Утром мы уже в Михайловском. Деревянный дом под высокой тесовой крышей, знакомый с детства по бесчисленным рисункам. Неужели вот в этом доме жил ПУШКИН? Ходил по этим дорожкам! Смотрел, как мы теперь смотрим, на необозримые луга, где одно за другим в плоских берегах лежат озера Маленец и Петровское.
Здесь вижу двух озер лазурные равнины,
Где парус рыбаря белеет иногда,
За ними ряд холмов и нивы полосаты...
Вот же они, эти два озера! Паруса рыбаря, правда, нет, но недвижная лазурь — есть! Вот “прихотливая извилина” речки Сороть! Все как в стихах!
Нас встретили Виктор Карлович и Наташа Антонова, его жена.

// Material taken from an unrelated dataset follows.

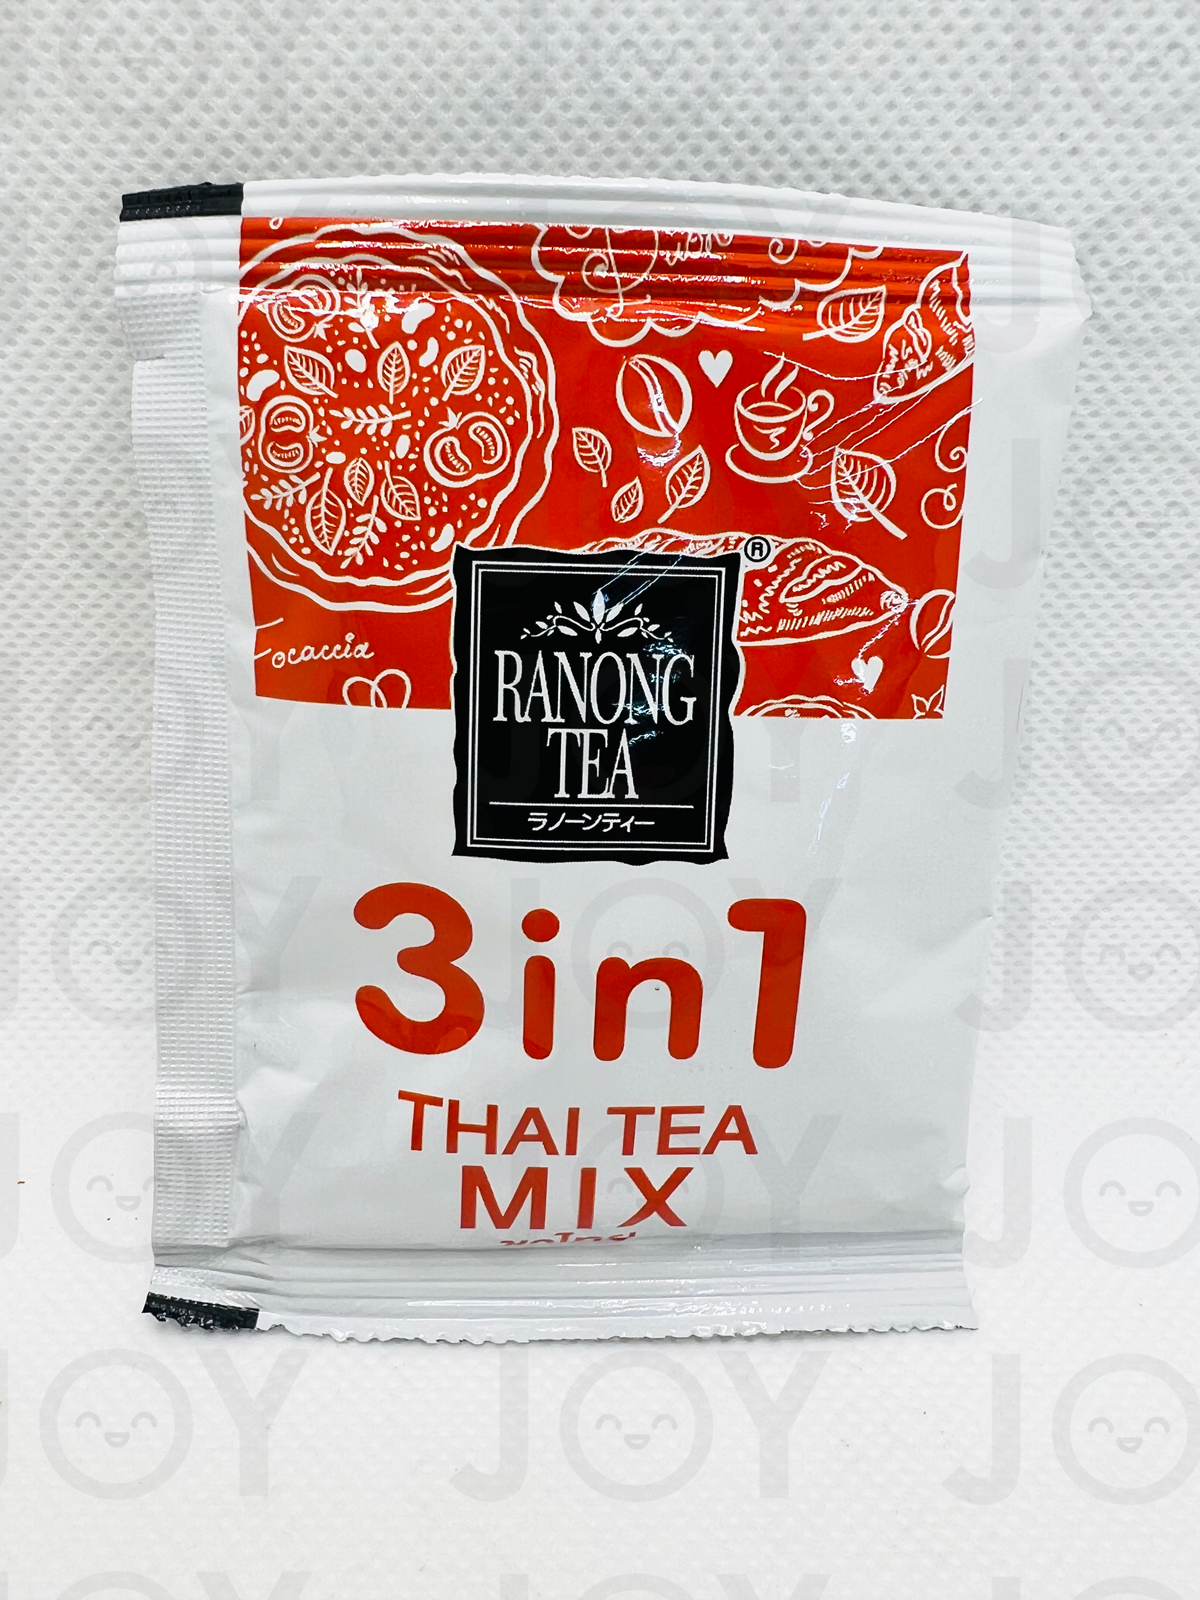 Instant Thai Tea

— Ну как? — спросила Наташа.
— Сказка! — отозвался Толя.
— Ладно, мальчики, — вмешался Монюков, — времени для восторга у вас впереди хватит. Еще не произносили “Приветствую тебя, пустынный уголок”? Нет? Ну-у! Эту начальную фразу из “Деревни” здесь все произносят. Это уж как полагается. Можете выдохнуть ее, и пойдем в Вороничи. Будем определять вас “на фатеру”.
И мы пошли в Вороничи.
— А Топорковы где живут?
— Как всегда, в Петровском. У Ганнибалов.
В Вороничах мы “стали на постой” в небольшой избе лесника. Хозяйка угостила нас молоком.
Молоко в самом деле было вкусное и густое, как сливки. До обеда еще оставалось время, и мы решили сходить в Тригорское. Там “квартировала” наша однокурсница Тамара Абросимова.
Узкая дорога взбегала на пологий холм, заросший соснами. В одном месте на ее обочине выглядывала из травы белая дощечка. Черной краской на ней было написано: “Дорога, изрытая дождями”. Знакомые слова пушкинского стихотворения, необычность места их нахождения — все это произвело на нас впечатление короткого электрического разряда.
— Не удивляйтесь, — сказал Монюков. — Пушкин здесь повсюду.